" A Friendship Founded On Business Is Better Than a Business
Founded On Friendship "
WEEK IN REVIEW :
The market traded with a sense of caution Monday as investors stayed
close to the sidelines ahead of the first FOMC meeting not chaired
by Alan Greenspan in 19 years. While a 15th consecutive 1/4% hike in
the overnight lending rate has already been priced into the market,
uncertainty as to the whether or not the accompanying policy
statement will offer clues about the direction for interest rates
underpinned a sense of nervousness and stalled some of the wishful
thinking behind recent market strength. The S&P 500, which is up
4.5% in 2006, is positioned to record its biggest first-quarter gain
in seven years. The McClellan Oscillator slipped below the 0 line
today.
It was anticipation of, and then digestion of, Tuesday's FOMC event
that dictated trade. For the fifteenth consecutive time, the Fed
raised the fed funds rate by 25 basis points. As had been expected,
it wasn't today's tightening that sparked selling. The rate hike, to
4.75%, had been fully expected. The catalyst was instead the
accompanying policy statement. Some participants had been hoping
that the Fed would signal an imminent end to the current monetary
tightening cycle. The directive's diction was little changed,
though, and provided no signal that rate hikes are coming to an
end. Dow Jones industrials dropped 95 points after the Federal
Reserve disappointed investors by suggesting that more interest rate
hikes were on the way. Today we saw the effect on the market when
the McClellan Oscillator slips below the 0 line. OEX stocks that
were sold the most during sell programs executed by program trading
firms: HCA, PFE, MCD, PG, CL, MDT, DELL, MO, PG, AMGN, MER, T, TWX ,
PG, TXN, MDT, HNZ, PEP, BAX, HET.
The market reclaimed the ground it had lost Tuesday. The S&P and
Nasdaq fully erased their FOMC-induced losses, and the Dow came
close to doing the same. The Technology sector's leadership was the
muscle behind the advance, but buying was broad-based and took
virtually every area of the market higher. Buyers dominated the
trading action from start to finish. On the NYSE, advancing stocks
outpaced decliners by an eight-to-three ratio. On the Nasdaq,
meanwhile, advancers had a 22-to-nine lead over declining issues.

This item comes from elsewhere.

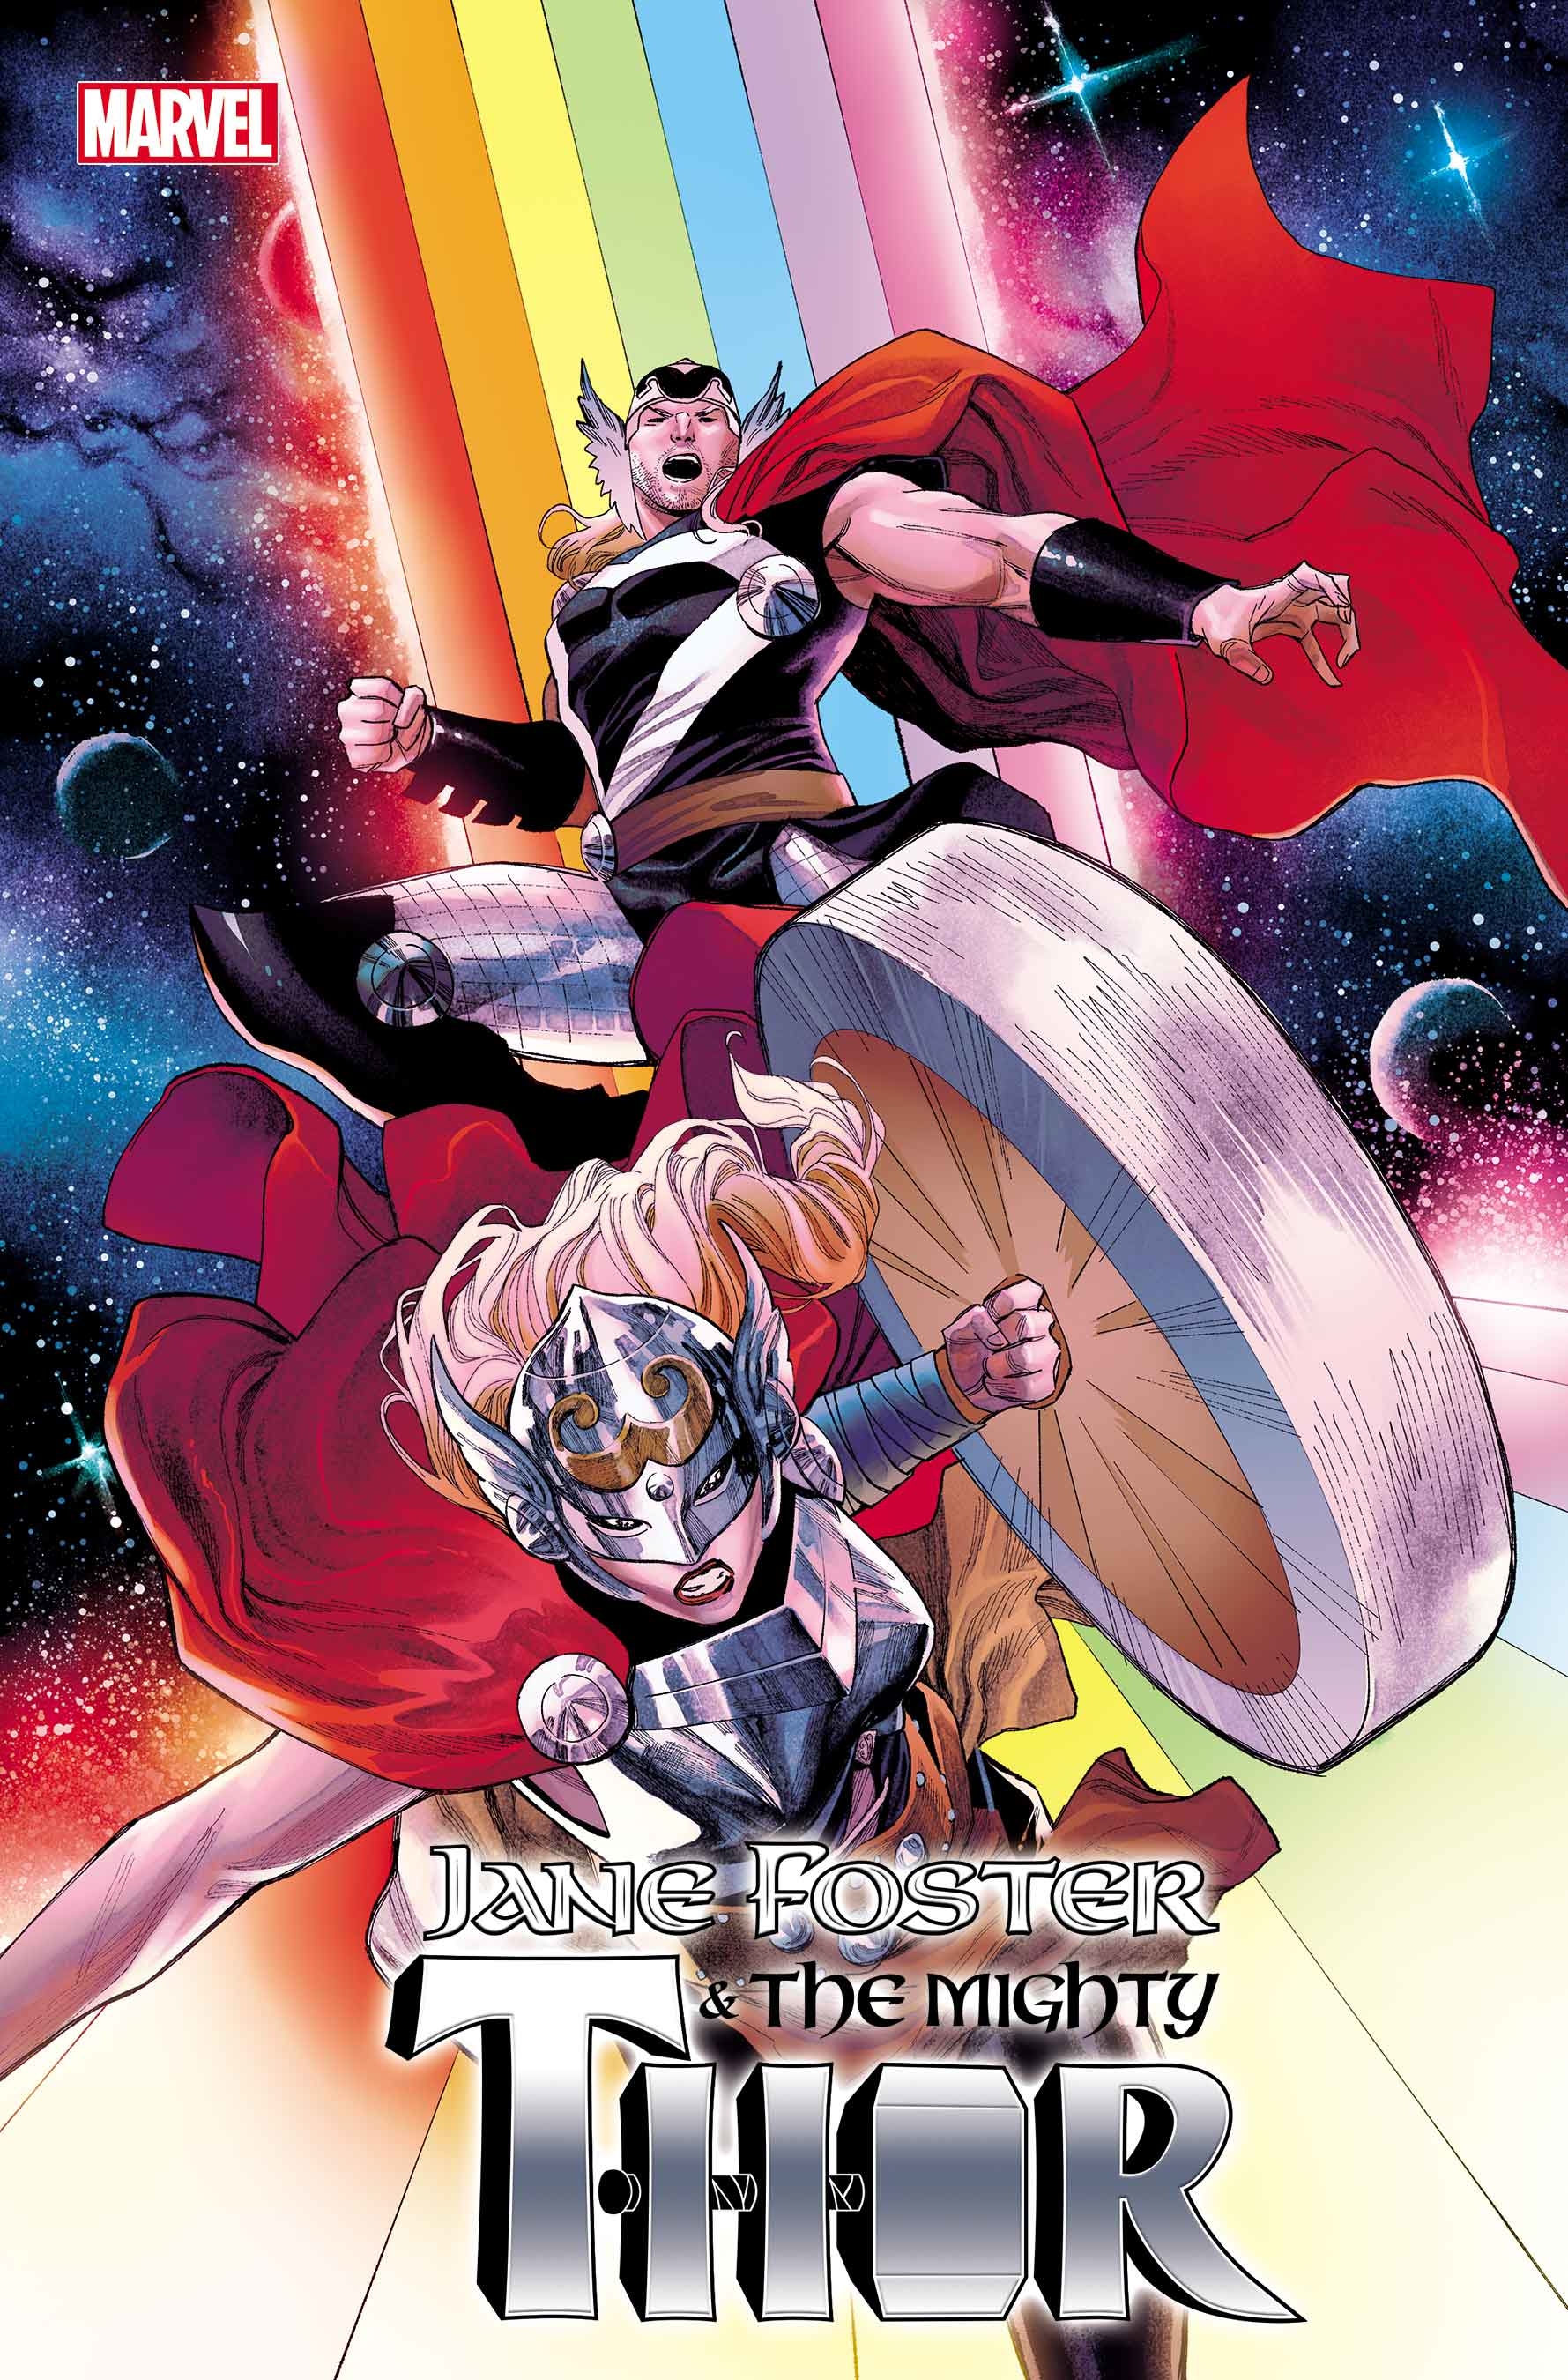 Jane Foster & The Mighty Thor #1 1 for 25 Incentive Coccolo Variant (Of 5)

The market's internals Wednesday were starkly different than
Tuesday. Yesterday, decliners led by 21-to-12 on the NYSE and three-
to-two on the Nasdaq. There was not much meaningful news to account
for investors' bullish bias. As such, it appeared to be a result of
the stock market's hopeful view that the Fed is near the end of its
tightening cycle.The Department of Energy's weekly inventory report
was a mixed picture. In its report, the Energy Dept. announced a
greater than expected build in crude but bigger than expected
drawdowns in gasoline and distillate supply.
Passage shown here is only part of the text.